Task to complete:
From the data below, set down exactly the lines between the one holding "SkyShopy 1 Pcs" and the one holding "golden goose fuchsia", inclusive, and no others.

[[ Exercise material, beginning ]]

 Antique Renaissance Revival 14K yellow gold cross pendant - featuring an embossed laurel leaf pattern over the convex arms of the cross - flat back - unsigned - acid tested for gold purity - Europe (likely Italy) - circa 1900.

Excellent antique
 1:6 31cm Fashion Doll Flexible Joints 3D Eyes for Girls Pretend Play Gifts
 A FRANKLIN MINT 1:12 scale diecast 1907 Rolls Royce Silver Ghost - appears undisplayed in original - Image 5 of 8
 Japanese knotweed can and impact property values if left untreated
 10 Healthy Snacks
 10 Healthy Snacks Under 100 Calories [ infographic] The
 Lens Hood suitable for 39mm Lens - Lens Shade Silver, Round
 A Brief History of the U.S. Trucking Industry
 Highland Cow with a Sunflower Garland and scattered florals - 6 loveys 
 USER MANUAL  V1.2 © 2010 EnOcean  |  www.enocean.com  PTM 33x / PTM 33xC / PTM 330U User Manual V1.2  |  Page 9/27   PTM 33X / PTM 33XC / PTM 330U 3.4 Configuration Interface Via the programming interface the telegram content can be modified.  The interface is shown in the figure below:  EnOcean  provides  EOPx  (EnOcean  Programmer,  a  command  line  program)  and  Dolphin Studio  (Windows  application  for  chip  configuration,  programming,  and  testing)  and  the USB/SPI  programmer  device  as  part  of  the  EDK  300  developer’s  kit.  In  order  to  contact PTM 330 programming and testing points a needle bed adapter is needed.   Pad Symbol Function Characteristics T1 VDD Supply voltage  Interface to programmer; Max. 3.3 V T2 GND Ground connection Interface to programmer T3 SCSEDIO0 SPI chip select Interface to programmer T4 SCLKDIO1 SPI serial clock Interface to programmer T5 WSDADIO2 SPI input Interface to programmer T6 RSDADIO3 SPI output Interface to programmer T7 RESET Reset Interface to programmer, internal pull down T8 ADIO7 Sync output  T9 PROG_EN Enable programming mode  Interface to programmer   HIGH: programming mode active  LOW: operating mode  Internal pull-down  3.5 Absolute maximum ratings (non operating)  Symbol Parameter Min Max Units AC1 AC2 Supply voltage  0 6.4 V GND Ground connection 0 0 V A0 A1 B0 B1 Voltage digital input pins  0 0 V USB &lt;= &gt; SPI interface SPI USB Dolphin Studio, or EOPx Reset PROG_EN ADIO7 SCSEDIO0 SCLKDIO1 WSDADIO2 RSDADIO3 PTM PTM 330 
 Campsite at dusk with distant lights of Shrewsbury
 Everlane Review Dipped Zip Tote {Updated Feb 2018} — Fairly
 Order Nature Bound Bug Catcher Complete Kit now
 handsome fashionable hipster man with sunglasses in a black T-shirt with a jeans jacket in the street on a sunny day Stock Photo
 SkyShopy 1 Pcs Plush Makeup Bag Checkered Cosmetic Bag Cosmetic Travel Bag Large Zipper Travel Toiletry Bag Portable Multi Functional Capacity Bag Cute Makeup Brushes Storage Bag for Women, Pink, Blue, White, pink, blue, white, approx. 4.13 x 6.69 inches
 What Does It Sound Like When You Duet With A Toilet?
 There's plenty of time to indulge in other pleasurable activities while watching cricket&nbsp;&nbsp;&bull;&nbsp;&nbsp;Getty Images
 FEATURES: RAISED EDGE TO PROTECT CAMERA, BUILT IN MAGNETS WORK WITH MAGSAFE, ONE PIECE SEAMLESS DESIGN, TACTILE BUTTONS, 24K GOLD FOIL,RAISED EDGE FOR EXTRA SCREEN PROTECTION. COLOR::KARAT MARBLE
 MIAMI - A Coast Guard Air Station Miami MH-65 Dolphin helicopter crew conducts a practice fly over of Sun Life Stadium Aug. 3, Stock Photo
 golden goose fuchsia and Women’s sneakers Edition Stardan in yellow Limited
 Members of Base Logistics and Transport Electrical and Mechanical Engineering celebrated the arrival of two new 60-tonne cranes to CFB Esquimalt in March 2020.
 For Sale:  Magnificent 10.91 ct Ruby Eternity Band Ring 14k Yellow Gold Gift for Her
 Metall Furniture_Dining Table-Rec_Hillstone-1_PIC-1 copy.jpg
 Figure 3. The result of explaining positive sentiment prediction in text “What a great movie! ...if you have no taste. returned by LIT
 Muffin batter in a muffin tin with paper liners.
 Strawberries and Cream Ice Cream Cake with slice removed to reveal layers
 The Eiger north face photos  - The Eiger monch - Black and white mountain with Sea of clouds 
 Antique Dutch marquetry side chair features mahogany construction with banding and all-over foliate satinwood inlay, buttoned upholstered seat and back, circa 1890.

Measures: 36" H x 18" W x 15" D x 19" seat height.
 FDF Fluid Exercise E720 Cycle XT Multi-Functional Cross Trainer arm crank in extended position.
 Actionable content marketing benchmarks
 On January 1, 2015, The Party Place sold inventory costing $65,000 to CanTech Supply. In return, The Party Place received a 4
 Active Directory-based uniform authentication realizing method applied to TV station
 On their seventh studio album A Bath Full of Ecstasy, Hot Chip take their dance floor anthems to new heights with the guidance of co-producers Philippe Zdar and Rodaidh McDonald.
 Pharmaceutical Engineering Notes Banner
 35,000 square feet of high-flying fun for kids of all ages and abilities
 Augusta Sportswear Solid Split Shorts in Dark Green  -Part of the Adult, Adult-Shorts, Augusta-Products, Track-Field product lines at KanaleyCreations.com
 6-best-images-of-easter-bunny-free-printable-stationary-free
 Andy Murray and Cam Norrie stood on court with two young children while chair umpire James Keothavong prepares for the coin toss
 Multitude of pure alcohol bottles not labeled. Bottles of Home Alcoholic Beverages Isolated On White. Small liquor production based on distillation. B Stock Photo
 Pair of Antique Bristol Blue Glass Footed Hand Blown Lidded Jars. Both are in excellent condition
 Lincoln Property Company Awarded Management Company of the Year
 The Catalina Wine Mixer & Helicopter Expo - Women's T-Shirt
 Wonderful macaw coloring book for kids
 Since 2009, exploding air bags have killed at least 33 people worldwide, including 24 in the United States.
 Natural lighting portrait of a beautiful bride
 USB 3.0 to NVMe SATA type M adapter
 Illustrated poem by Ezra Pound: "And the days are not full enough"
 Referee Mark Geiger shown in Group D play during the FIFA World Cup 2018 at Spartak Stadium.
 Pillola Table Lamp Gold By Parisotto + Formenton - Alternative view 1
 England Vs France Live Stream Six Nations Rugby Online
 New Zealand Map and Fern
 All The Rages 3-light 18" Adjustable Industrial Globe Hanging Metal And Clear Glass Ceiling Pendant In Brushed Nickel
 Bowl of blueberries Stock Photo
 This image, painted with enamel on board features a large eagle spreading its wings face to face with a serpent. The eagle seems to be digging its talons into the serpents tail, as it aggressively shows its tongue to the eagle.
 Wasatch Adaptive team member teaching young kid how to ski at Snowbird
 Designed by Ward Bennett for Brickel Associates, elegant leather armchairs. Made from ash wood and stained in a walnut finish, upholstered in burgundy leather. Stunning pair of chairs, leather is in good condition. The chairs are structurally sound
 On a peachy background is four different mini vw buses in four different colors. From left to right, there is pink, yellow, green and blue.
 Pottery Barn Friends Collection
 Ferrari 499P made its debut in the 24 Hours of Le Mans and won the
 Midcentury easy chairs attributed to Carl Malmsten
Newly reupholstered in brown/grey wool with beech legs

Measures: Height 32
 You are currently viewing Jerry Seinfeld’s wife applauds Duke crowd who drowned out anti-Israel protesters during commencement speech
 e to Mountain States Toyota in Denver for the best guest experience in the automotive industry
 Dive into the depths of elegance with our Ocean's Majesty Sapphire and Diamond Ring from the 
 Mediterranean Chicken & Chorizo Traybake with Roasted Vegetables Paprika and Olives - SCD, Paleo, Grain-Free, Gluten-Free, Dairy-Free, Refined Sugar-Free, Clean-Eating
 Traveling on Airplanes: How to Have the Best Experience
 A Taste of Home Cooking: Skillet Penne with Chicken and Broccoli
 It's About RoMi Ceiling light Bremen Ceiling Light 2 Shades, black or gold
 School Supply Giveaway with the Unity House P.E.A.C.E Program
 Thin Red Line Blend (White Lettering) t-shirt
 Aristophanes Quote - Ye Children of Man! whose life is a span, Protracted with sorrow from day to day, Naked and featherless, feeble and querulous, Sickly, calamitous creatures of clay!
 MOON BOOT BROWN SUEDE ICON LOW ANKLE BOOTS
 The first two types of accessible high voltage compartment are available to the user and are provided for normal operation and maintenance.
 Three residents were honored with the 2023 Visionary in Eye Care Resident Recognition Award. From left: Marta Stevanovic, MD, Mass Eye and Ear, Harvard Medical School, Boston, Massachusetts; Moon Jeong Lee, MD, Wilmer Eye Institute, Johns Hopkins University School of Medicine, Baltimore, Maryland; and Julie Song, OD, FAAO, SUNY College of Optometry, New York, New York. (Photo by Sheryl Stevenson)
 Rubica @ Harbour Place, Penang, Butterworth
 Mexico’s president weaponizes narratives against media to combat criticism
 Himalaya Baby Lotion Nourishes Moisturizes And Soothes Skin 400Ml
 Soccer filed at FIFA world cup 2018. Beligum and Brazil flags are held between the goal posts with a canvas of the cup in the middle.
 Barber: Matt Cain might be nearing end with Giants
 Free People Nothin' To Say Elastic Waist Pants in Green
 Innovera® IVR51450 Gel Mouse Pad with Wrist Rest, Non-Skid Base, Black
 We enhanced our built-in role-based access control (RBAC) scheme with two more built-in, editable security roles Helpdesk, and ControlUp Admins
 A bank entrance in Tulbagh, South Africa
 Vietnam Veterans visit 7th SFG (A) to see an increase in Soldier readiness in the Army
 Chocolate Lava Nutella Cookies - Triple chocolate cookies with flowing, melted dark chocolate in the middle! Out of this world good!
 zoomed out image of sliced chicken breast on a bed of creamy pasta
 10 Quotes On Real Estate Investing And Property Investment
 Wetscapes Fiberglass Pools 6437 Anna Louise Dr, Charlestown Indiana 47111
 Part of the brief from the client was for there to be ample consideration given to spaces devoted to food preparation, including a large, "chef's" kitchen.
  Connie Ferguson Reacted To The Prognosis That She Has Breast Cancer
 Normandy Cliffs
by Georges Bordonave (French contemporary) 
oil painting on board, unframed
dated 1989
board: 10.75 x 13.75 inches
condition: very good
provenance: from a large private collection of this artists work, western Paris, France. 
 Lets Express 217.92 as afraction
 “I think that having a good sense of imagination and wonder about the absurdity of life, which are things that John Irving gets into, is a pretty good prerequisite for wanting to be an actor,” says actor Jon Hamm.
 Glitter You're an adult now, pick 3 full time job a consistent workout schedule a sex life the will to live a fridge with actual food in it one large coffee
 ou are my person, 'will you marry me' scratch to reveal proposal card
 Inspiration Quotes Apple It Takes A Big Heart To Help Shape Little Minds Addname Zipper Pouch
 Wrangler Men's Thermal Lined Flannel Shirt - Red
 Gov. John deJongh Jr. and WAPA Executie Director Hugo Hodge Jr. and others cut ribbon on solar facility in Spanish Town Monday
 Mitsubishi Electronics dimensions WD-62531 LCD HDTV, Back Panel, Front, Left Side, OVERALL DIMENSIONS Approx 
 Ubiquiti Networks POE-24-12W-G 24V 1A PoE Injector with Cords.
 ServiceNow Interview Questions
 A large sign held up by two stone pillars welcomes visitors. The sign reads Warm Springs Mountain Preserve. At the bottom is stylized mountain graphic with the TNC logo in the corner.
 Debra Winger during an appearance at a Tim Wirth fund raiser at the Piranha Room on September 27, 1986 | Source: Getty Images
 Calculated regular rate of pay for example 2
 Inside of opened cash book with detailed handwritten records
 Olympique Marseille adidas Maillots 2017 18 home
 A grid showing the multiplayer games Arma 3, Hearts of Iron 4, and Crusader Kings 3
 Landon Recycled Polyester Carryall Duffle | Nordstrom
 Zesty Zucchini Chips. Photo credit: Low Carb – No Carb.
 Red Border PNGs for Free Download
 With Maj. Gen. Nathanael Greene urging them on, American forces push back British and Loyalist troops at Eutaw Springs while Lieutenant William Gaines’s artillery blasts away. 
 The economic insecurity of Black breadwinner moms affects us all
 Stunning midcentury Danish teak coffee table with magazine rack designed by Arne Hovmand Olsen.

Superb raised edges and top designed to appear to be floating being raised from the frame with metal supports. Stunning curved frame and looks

[[ Exercise material, end ]]

Response for this exercise:
 SkyShopy 1 Pcs Plush Makeup Bag Checkered Cosmetic Bag Cosmetic Travel Bag Large Zipper Travel Toiletry Bag Portable Multi Functional Capacity Bag Cute Makeup Brushes Storage Bag for Women, Pink, Blue, White, pink, blue, white, approx. 4.13 x 6.69 inches
 What Does It Sound Like When You Duet With A Toilet?
 There's plenty of time to indulge in other pleasurable activities while watching cricket&nbsp;&nbsp;&bull;&nbsp;&nbsp;Getty Images
 FEATURES: RAISED EDGE TO PROTECT CAMERA, BUILT IN MAGNETS WORK WITH MAGSAFE, ONE PIECE SEAMLESS DESIGN, TACTILE BUTTONS, 24K GOLD FOIL,RAISED EDGE FOR EXTRA SCREEN PROTECTION. COLOR::KARAT MARBLE
 MIAMI - A Coast Guard Air Station Miami MH-65 Dolphin helicopter crew conducts a practice fly over of Sun Life Stadium Aug. 3, Stock Photo
 golden goose fuchsia and Women’s sneakers Edition Stardan in yellow Limited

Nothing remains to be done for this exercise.